As the Collins Dictionary adds ‘gammon’ as their word of the year, we’ve teamed up with a medical expert to provide an insight into the gammon and the symptoms that make someone all gammony.
Abertawe Bro Morgannwg Doctor Pete Bowen explains below the phenomenon of the angry middle aged white man, who often doesn’t know his sexism from his racism.
Dr Bowen said: “There’s a number of complex physical, emotional and personality traits to look for when you’re worried about gammonitus. It often starts with men in their 30s sharing Facebook memes as if they’re real.
“We’ve studied the angry gammon for the last six months and have categorised these traits into this handy guide.”
“The gammon will be permanently pink, often with judgemental eyes and with a mouth that droops angrily in the corners, like a semi-gurn.
“For someone who goes from pink when permanently upset with everything, to raging red when reading about homosexuals in the army, they wear colours which don’t compliment their face palette.
“They often inexplicably limp too, and aren’t afraid to manspread when in the company of fellow gammons.”
“A Brexit voter, the gammon will swallow inflammatory phrases from the Daily Mail and Daily Express like a Lewis’s pie. They store these to use freely on occasions where they’re out of their depth.
“There’s no logic or reasoning behind a gammon’s mindset, so expect to hear: “blah, blah, Diane Abbott. Blah, blah, bankrupt the country. Blah, blah terrorist lover.”
“The gammon also thinks the country’s economy is like their personal bank account and that the country is an immigrant on £45k a year in benefits away from not paying its gas bill.”

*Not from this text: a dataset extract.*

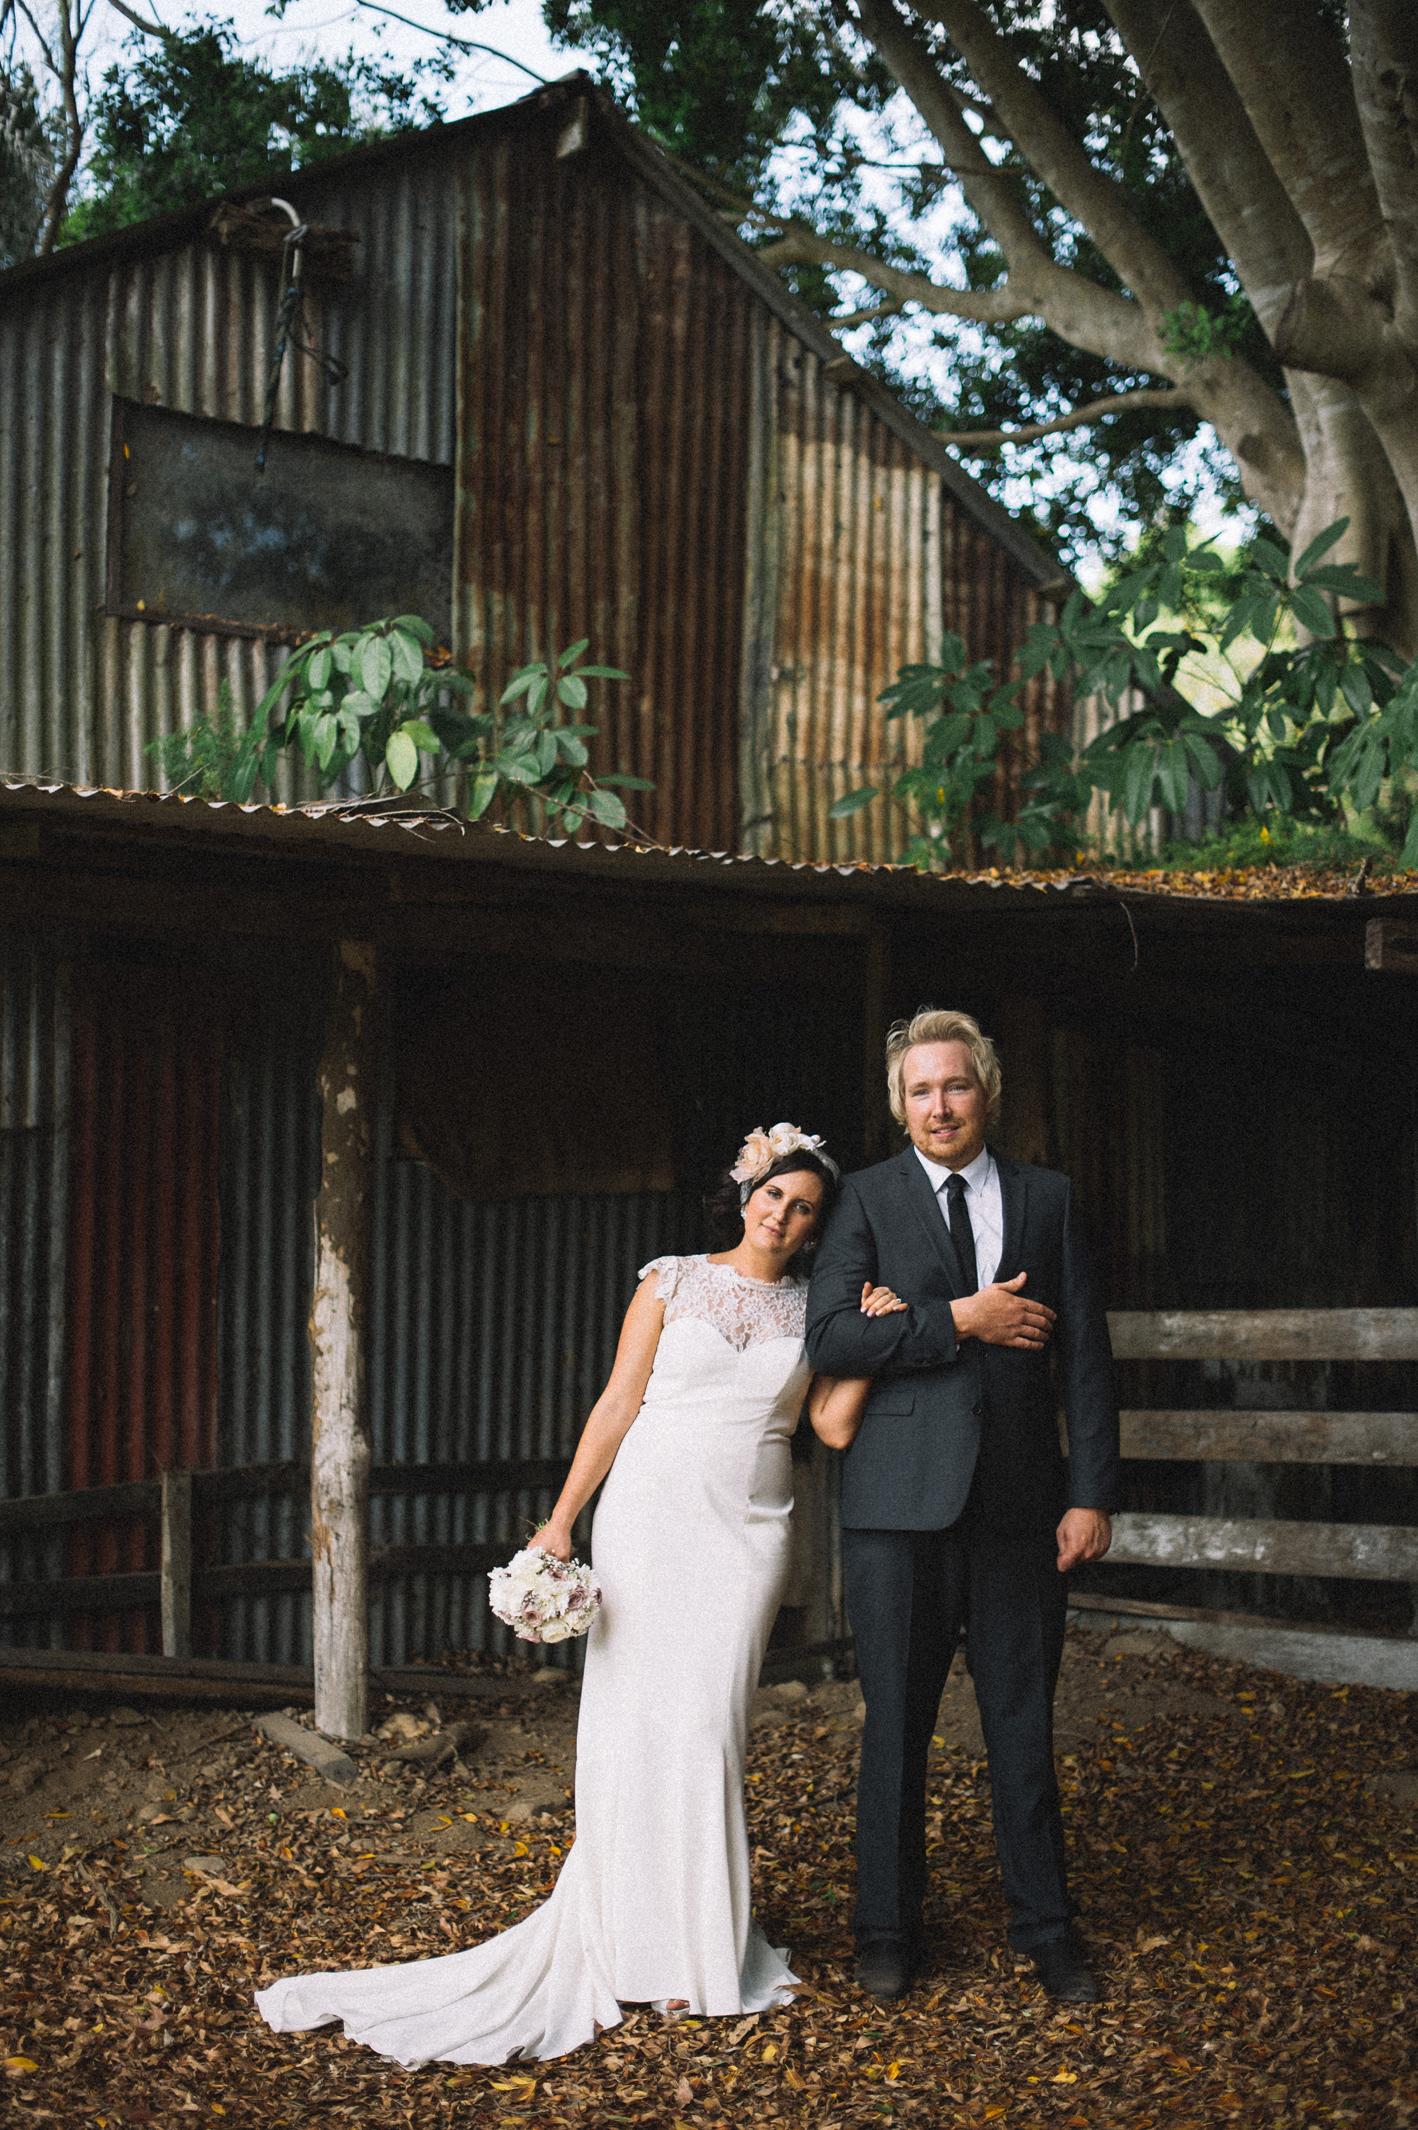 067-hannah-daniel-boomerang-farm-wedding-sophie-baker-photography

The gammon’s culture is one of blame and nobody is safe. Whether it’s the EU, the ethnic person who’s opened a business or the ‘snowflake’.
“The snowflake is the gammon’s foe, or someone who disagrees with them. Although ironically it is the gammon who will be easily offended by almost anything and will take to Internet message boards under Farage related pseudonyms to vent.
“The gammon is easily confused by things which are different to what they know and lack the ability to understand. Despite often having wide heads, their minds are often very narrow, meaning a typical gammon can’t digest sexuality, gender or avocado.
“This is why the typical gammon is so homophobic, transphobic, sexist and anti-women.”
“In familiar surroundings the gammon comes into their own. They sit in a house which has exploded in value through chance, criticising young people who have the same level of job they had 30 years ago but can’t afford to save a deposit.
“Food is often roasted meat, with leftovers chucked into the black bin because recycling is for lefties.
“When watching television with the gammon, one needs to be prepared for excessive foot tapping, eye rolling and comments such as ‘when will all this madness end’, the recent support for Phillip Green has been astonishing amongst the community. After all, the gammon does believe women speaking up about abuse demonises men.
“Recently, our subjects had strong feelings about why the Great British Bake Off didn’t have all white contestants and whether it should’ve been called the Great Pesky Foreigner Bake Off instead.”